We talked of such things awhile. At the end he said, “However weary I grow of life, I will live till you are ready.”

I remembered how I had thought worse of him for not returning to the god, and was ashamed. He said, “Let me know, if you get word from Athens.”

I said I would. Then I pictured my father driving in at the Lion Gate, and up the steep road to the Great House of Mycenae. I saw him at table with the High King. But I could not see him in the upper room firing the King for war, making him impatient to launch his hollow ships. My father had had a bellyful of trouble, and it had made him old before his time. I saw the rough dark seas that tossed round Crete; and I saw them empty.

“Ships or no, sir,” I said, “we shall know our time when it comes. I am in the hand of Poseidon. He sent me here, and he will not fail me. He will send me a sign.”

So I said, to cheer his solitude, because I doubted there would be ships until I went myself to fetch them. But the gods never sleep. Truly and indeed, Dark-Haired Poseidon heard me.

8

A FEW NIGHTS AFTER, Ariadne said to me, “Tomorrow is the day when I give my oracles.”

“You should be sleeping,” I said. I drew her in and kissed her eyelids. She was too tender, I thought, to bear without bruising the madness of a god.

She said, “Not many Hellenes come. To those I shall say the usual things. But I shall tell the Cretans that a new Summer King is coming, to marry the Goddess and bless the land. Hyakinthos flowering in a field of blood. They will remember that.”
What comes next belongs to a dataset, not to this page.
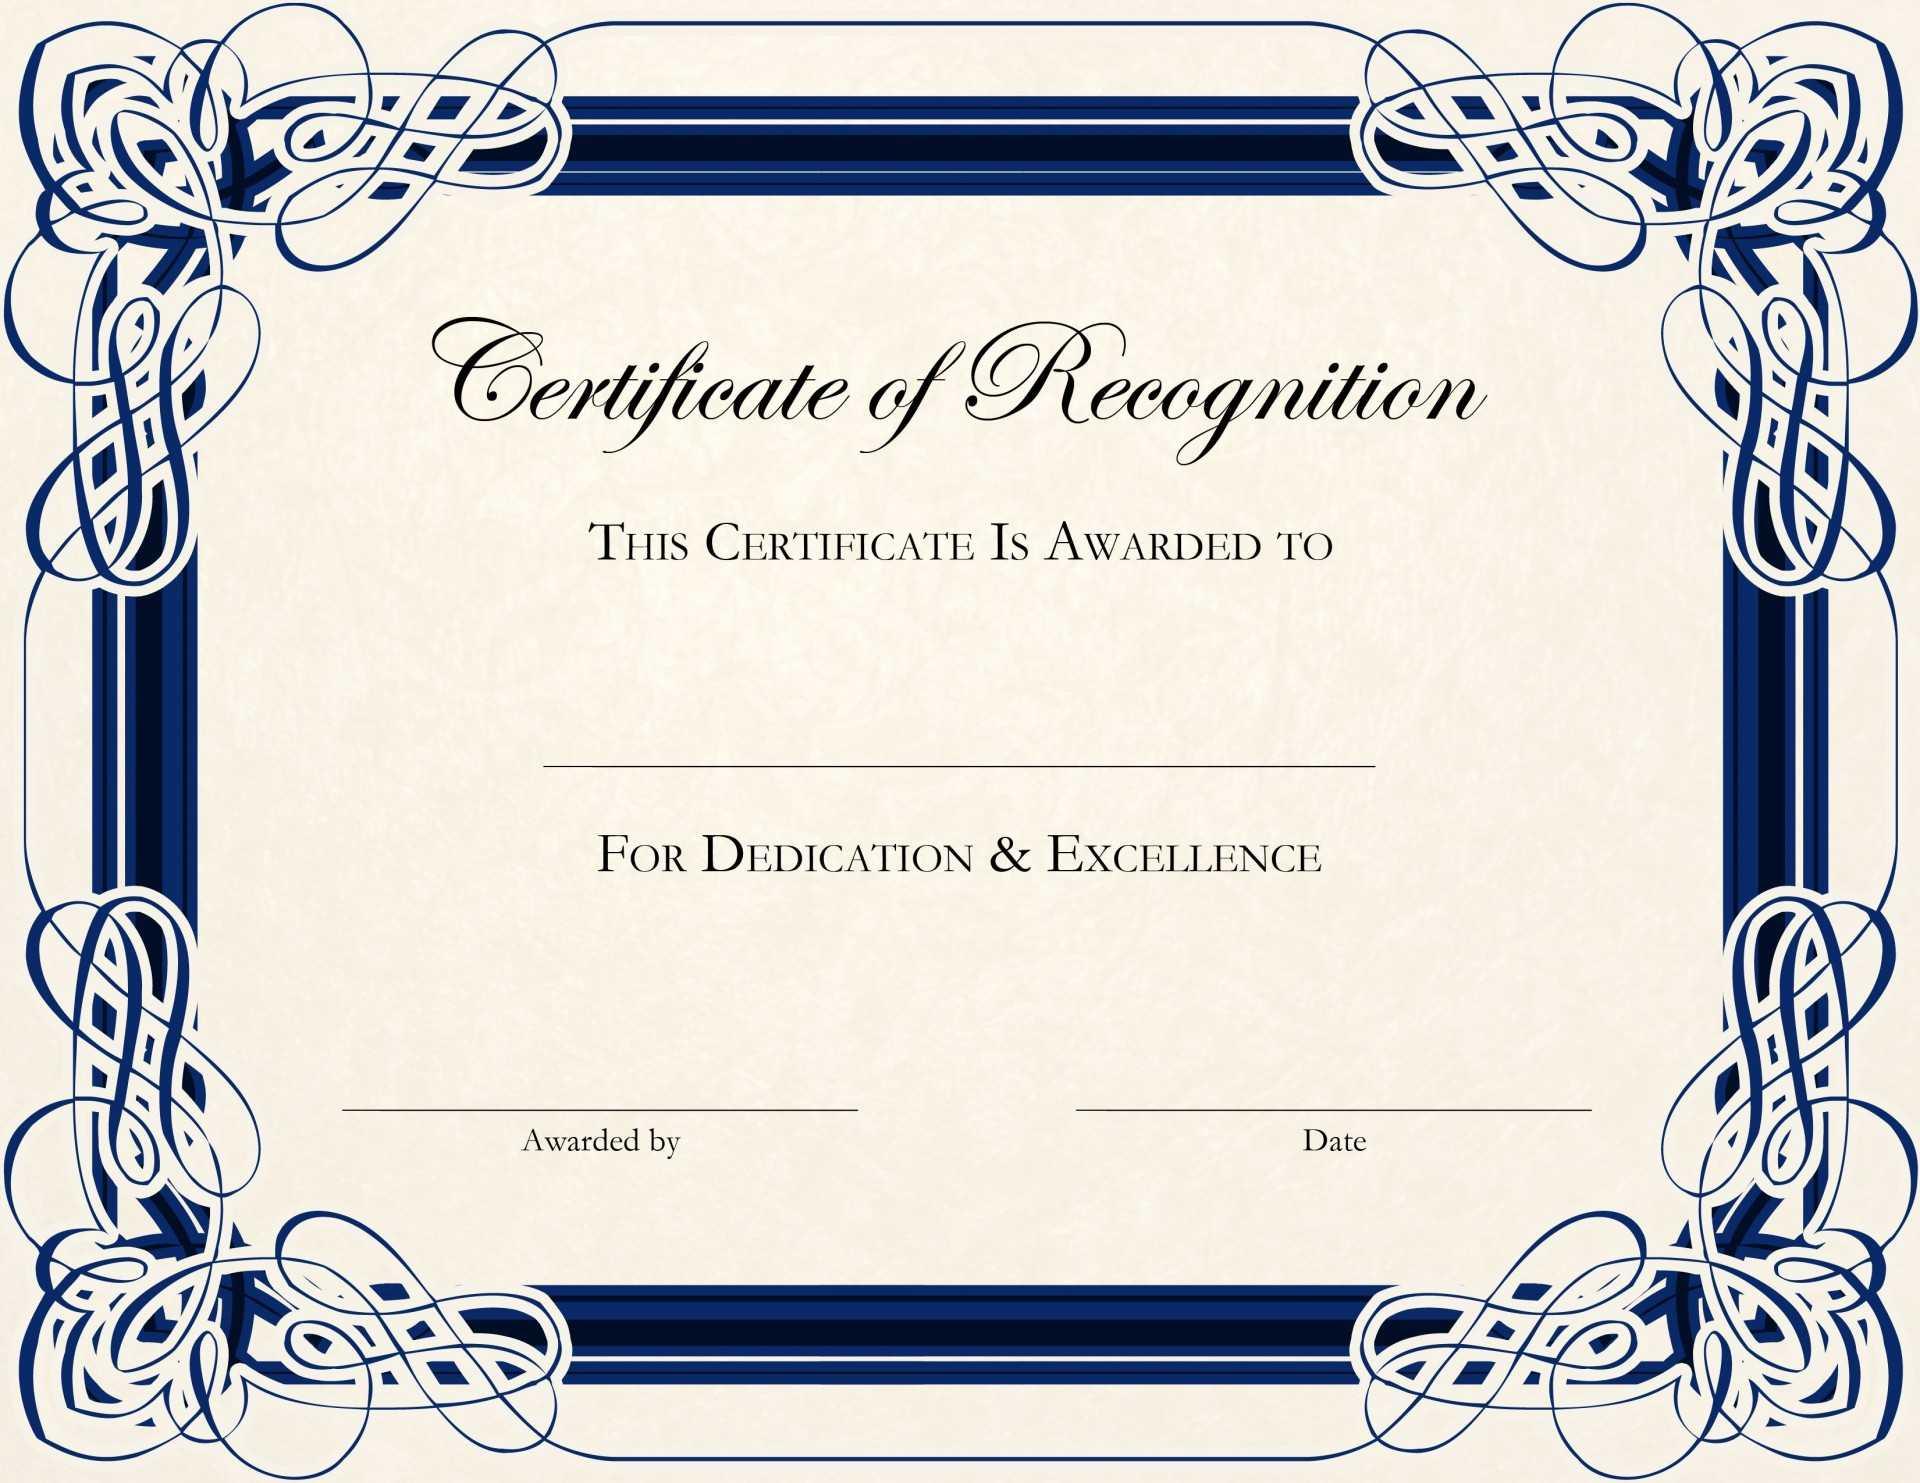 Wonderful Free Printable Certificate Templates Template With Certificate Templates For Word Free Downloads

I was amazed, and asked her, “But how can you tell what the Holy One will say through you, before you have drunk the cup or smelled the smoke?”

“Oh,” she answered, “I don’t take much of it. It makes one giddy; one talks nonsense, and one’s head aches after as if it would split.”

I was shocked in my heart, but I said nothing. If it was true the god spoke to them no longer, it was strange she could tell of it without weeping. But I remembered how Cretans play at such things like children. So I only kissed her again.

“I will make it stick in their minds,” she said. “I shall paint my face white, and draw a line of red under my eyelids. I shall have a cloud of smoke (it is all the same to them what one makes it of) and roll my eyes and toss about. When I have spoken, I shall fall down.”

I was slow to speak. At last I said, “It is a woman’s mystery. But my mother told me once that when she is in the Snake Pit, whatever the question is, something any fool should know without troubling a deity, she always pauses before her answer, and listens, in case the Goddess forbids it.”

“I always pause too,” she said. “I have been properly taught as well as your mother. A pause makes people attend. But you can see, Theseus, Crete is not like the mainland. We have more people, more cities, more business to fit together. We have ninety clerks working in the Palace alone. It would be chaos every month, if no one knew what the oracles were going to be.”